In-Vessel Tritium Retention and Removal in ITER-FEAT
NASA Astrophysics Data System (ADS)
Federici, G.; Brooks, J. N.; Iseli, M.; Wu, C. H.
Erosion of the divertor and first-wall plasma-facing components, tritium uptake in the re-deposited films, and direct implantation in the armour material surfaces surrounding the plasma, represent crucial physical issues that affect the design of future fusion devices. In this paper we present the derivation, and discuss the results, of current predictions of tritium inventory in ITER-FEAT due to co-deposition and implantation and their attendant uncertainties. The current armour materials proposed for ITER-FEAT are beryllium on the first-wall, carbon-fibre-composites on the divertor plate near the separatrix strike points, to withstand the high thermal loads expected during off-normal events, e.g., disruptions, and tungsten elsewhere in the divertor.
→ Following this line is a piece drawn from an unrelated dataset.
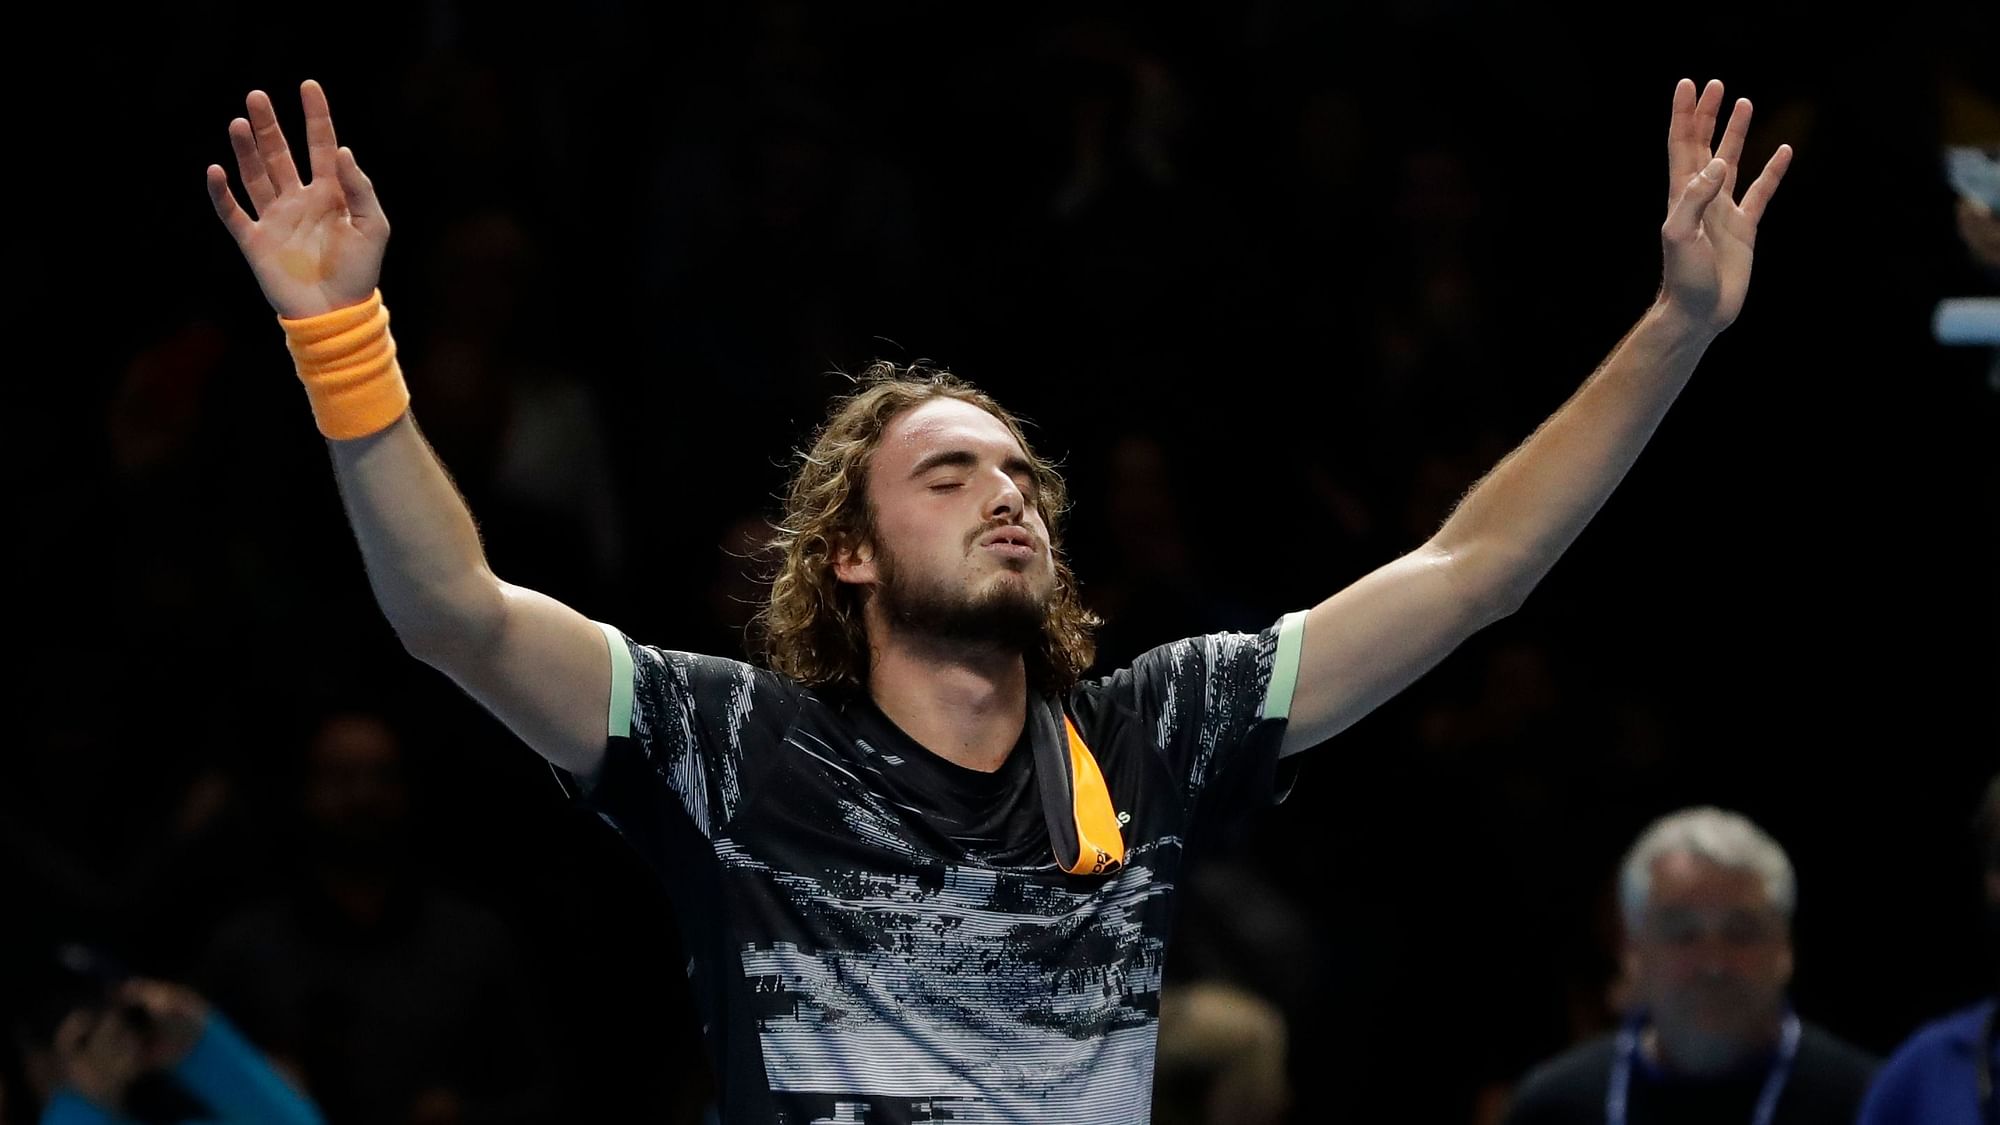 Stefanos Tsitsipas of Greece reacts after defeating Austria’s Dominic Thiem to win their ATP World Finals singles final tennis match at the O2 arena in London.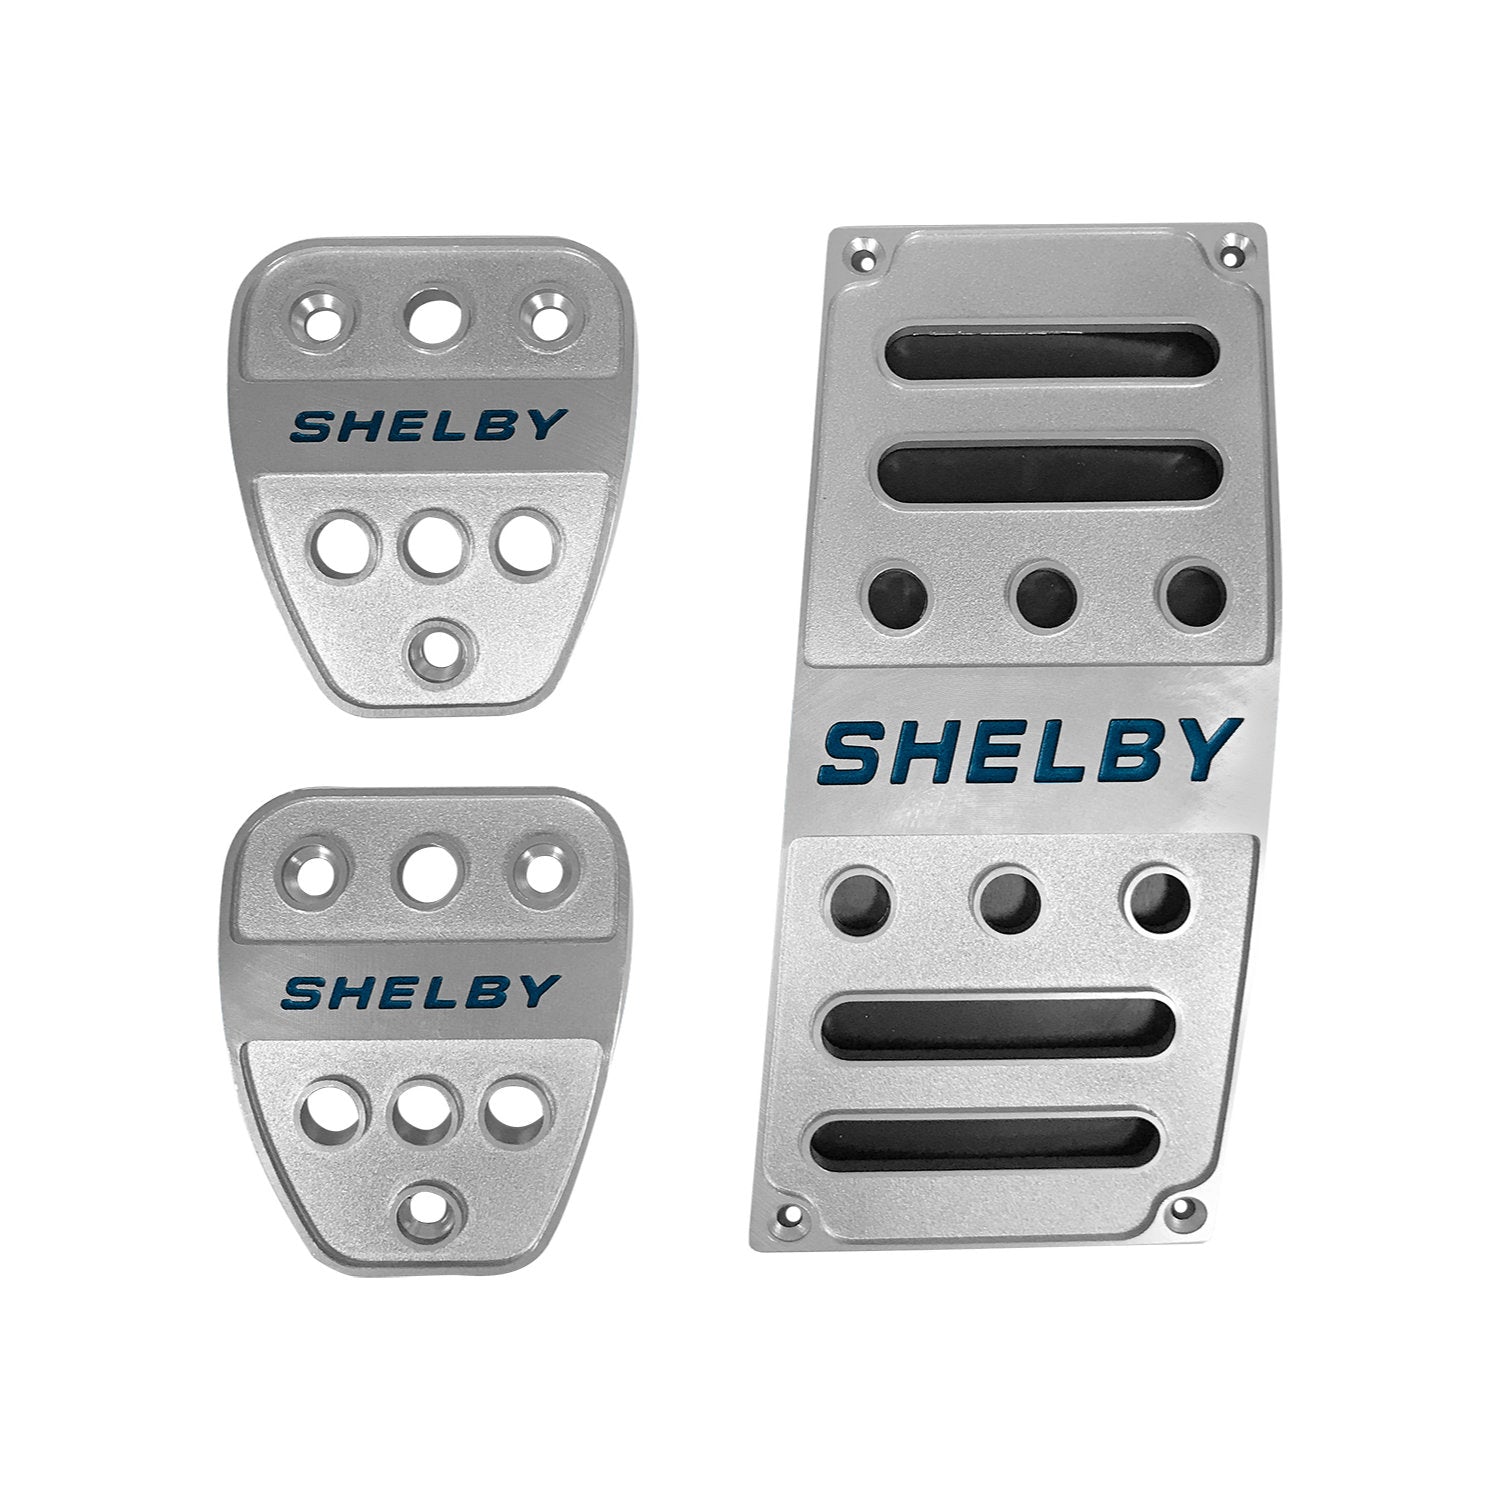 Shelby 2015-23 Billet Pedal Covers Set - Manual

Tritium co-deposition with chemically eroded carbon in the divertor, and possibly with some Be eroded from the first-wall, is expected to represent the dominant mechanism of in-vessel tritium retention in ITER-FEAT. This demands efficient in-situ methods of mitigation and retrieval to avoid frequent outages due to the reaching of precautionary operating limits set by safety considerations (e.g., ˜350 g of in-vessel co-deposited tritium) and for fuel economy reasons. Priority areas where further R&D work is required to narrow the remaining uncertainties are also briefly discussed.